Astronomy

Earth-like Conditions on Potentially Habitable Planets may be Rare

Earth-like Conditions on Potentially Habitable Planets may be Rare

According to a new analysis of known exoplanets, Earth-like conditions on potentially habitable planets may be much rarer than previously thought. The research focuses on the conditions required for oxygen-based photosynthesis to develop on a planet, allowing for complex biospheres similar to those found on Earth.

The number of confirmed planets in our own Milky Way galaxy has now surpassed the thousands. Planets that are both Earth-like and in the habitable zone (the region around a star where the temperature is just right for liquid water to exist on the surface) are far rarer.

A potentially habitable planet is a terrestrial planet that is located within the circumstellar habitable zone and has conditions that are roughly comparable to those of Earth (i.e., an Earth analog) and is thus potentially favorable to Earth-like life. However, the question of what makes a planet habitable is far more complicated than simply being located at the right distance from its host star so that water can be liquid on its surface: various geophysical and geodynamical aspects, radiation, and the host star’s plasma environment can all influence the evolution of planets and life if it ever existed.

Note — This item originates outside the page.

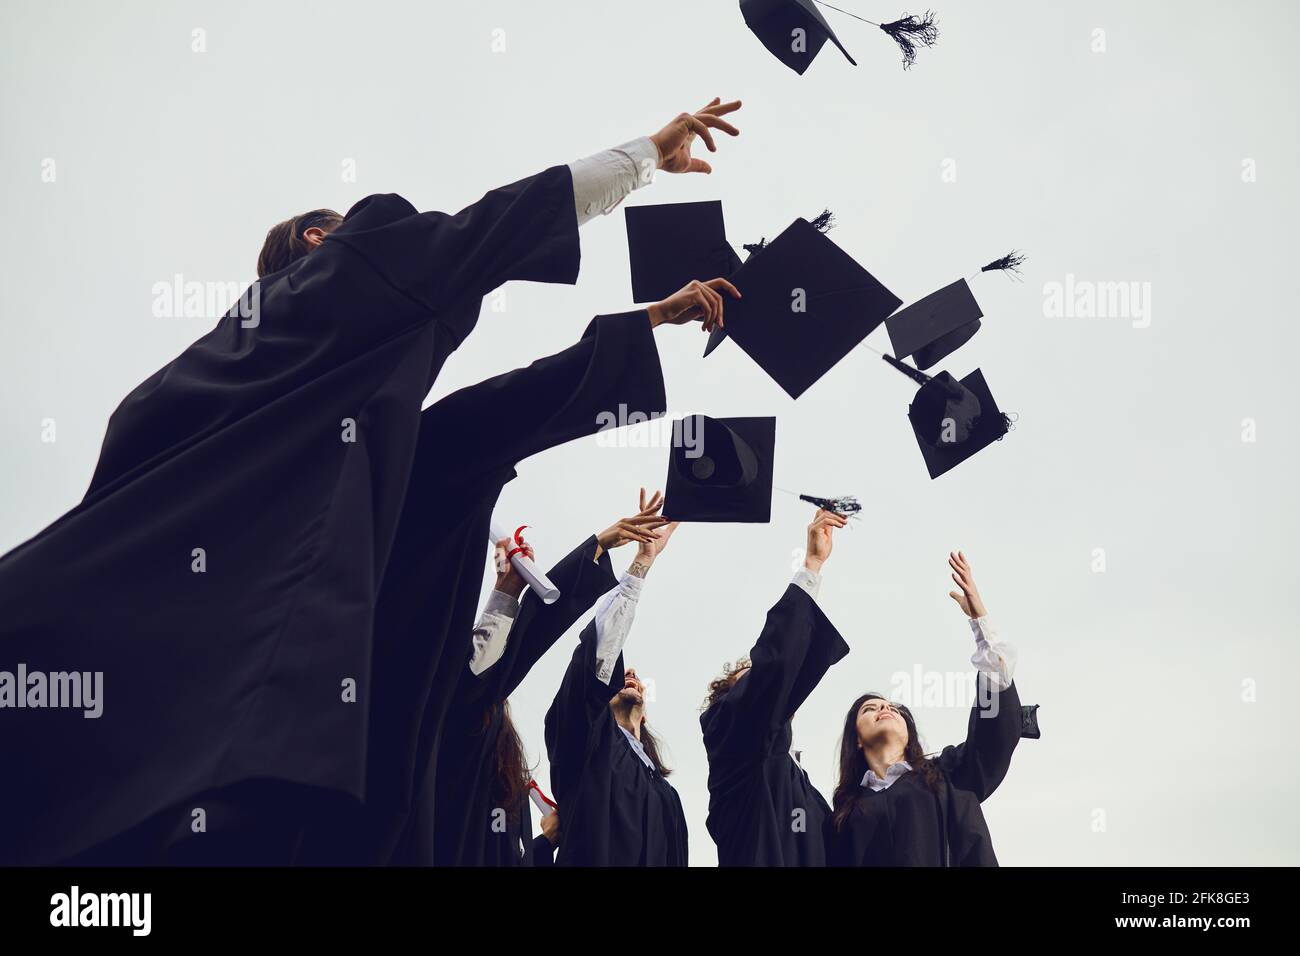 Absolventen werfen ihre akademischen Hüte während einer feierlichen Zeremonie an der Universität in den Himmel. Stockfoto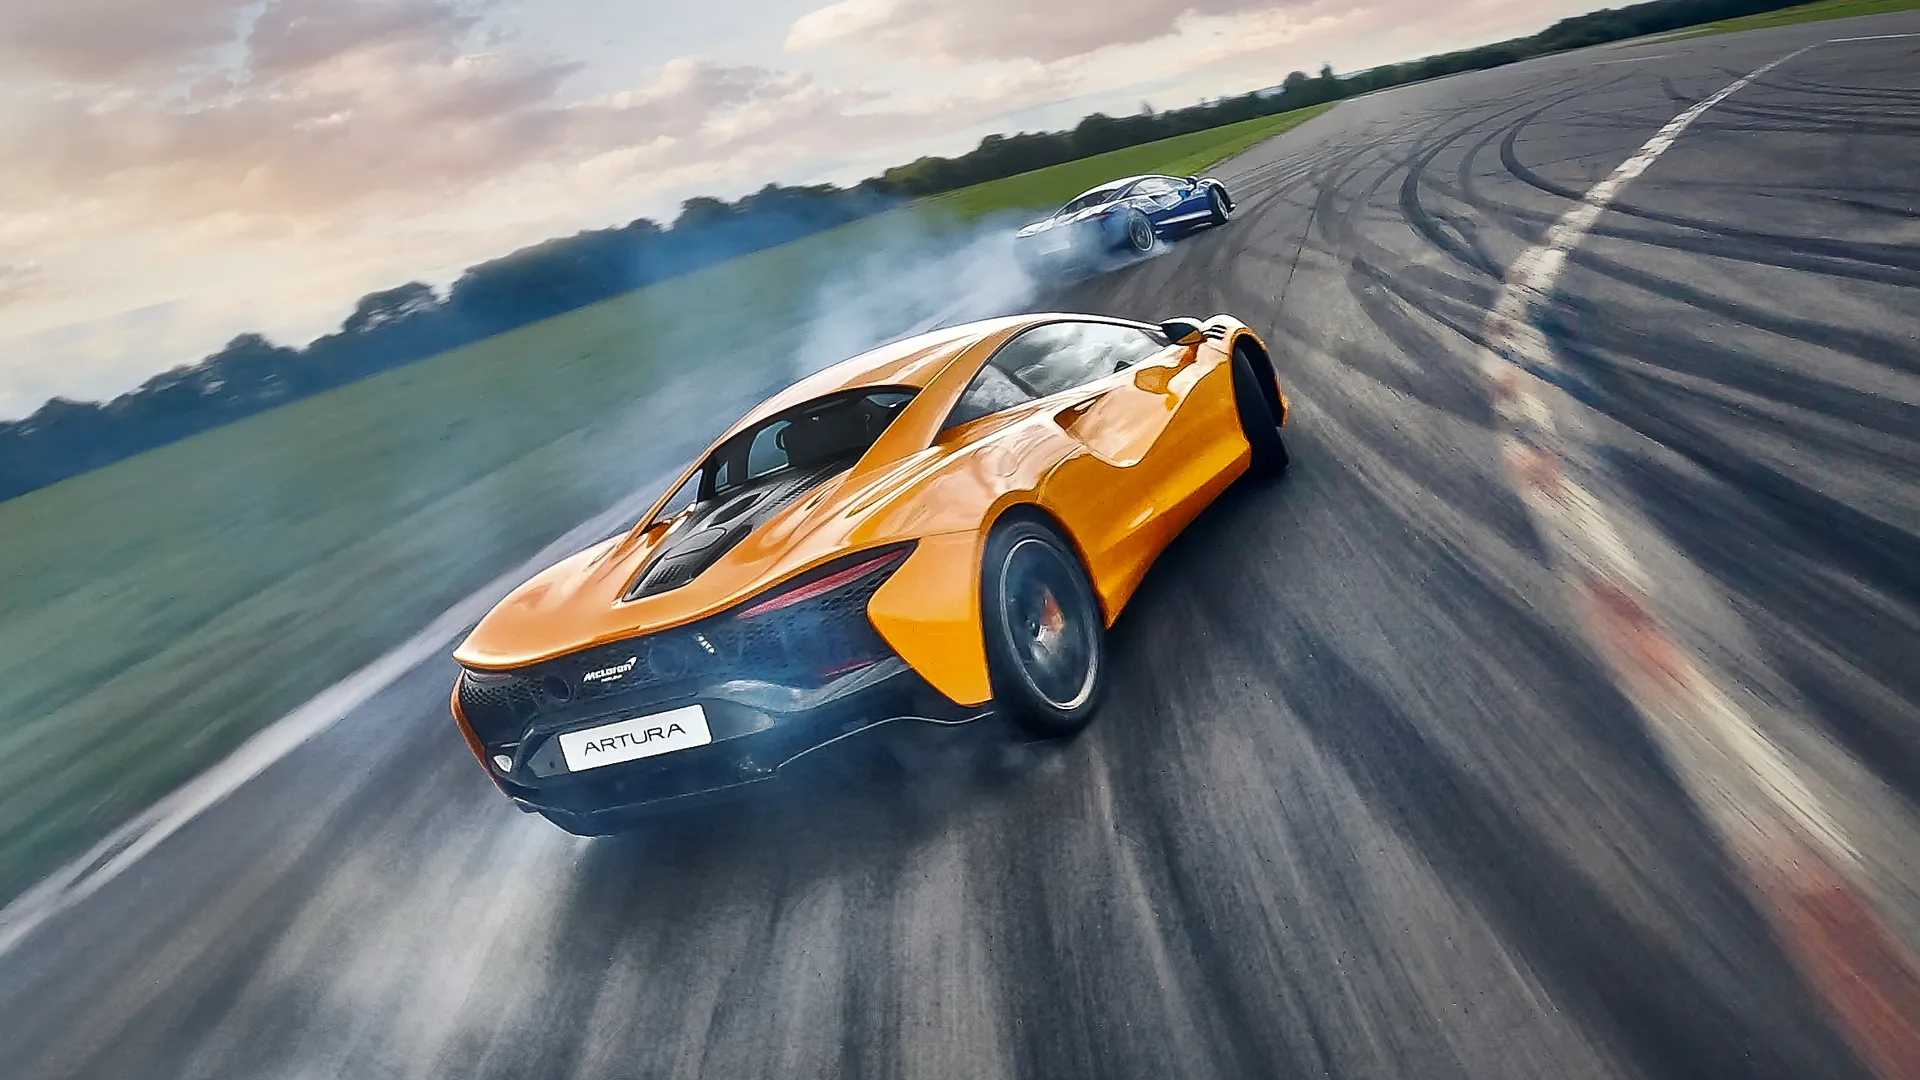 Este vídeo se une a las celebraciones del sexagésimo aniversario de McLaren

A new analysis of known exoplanets has revealed that Earth-like conditions on potentially habitable planets may be much rarer than previously thought. The work focuses on the conditions required for oxygen-based photosynthesis to develop on a planet, which would enable complex biospheres of the type found on Earth.

Only a few such rocky and potentially habitable exoplanets are known at the moment. The new research, however, indicates that none of these have the theoretical conditions to sustain an Earth-like biosphere through ‘oxygenic’ photosynthesis – the mechanism that plants on Earth use to convert light and carbon dioxide into oxygen and nutrients.

Only one of those planets receives the stellar radiation required to support a large biosphere: Kepler-442b, a rocky planet about twice the size of Earth orbiting a moderately hot star about 1,200 light-years away.

The research looked into how much energy a planet receives from its host star and whether living organisms would be able to efficiently produce nutrients and molecular oxygen, both of which are required for complex life as we know it, through normal oxygenic photosynthesis.

Earth-like biospheres on other planets may be rare

The team discovered that stars half the temperature of our Sun cannot sustain Earth-like biospheres because they do not provide enough energy in the correct wavelength range by calculating the amount of photosynthetically active radiation (PAR) that a planet receives from its star. Oxygenic photosynthesis would still be possible, but such planets would be incapable of supporting a diverse biosphere.

Planets orbiting even cooler stars known as red dwarfs, which smolder at roughly one-third the temperature of our Sun, could not receive enough energy to activate photosynthesis. Hotter stars are much brighter and emit up to ten times more radiation in the required range for effective photosynthesis than red dwarfs, but they generally do not live long enough for complex life to evolve.

“Because red dwarfs are by far the most common type of star in our galaxy, this result suggests that Earth-like conditions on other planets may be far less common than we might hope,” says lead author Prof. Giovanni Covone of the University of Naples. “This study places strong constraints on the parameter space for complex life, so unfortunately it appears that the “sweet spot” for hosting a rich Earth-like biosphere is not so wide,” he continues.

Future missions, such as the James Webb Space Telescope (JWST), which is set to launch later this year, will have the sensitivity to look to distant worlds around other stars and shed new light on what it takes for a planet to support life as we know it.

On our own planet, the evolution continues to astound us, so we can only imagine the variety of ecosystems that could exist elsewhere in the universe. For all we know, chemosynthetic ice moons could be the majority. Given the limitations of our experience on Earth, perhaps there are variations on photosynthesis that we simply cannot comprehend.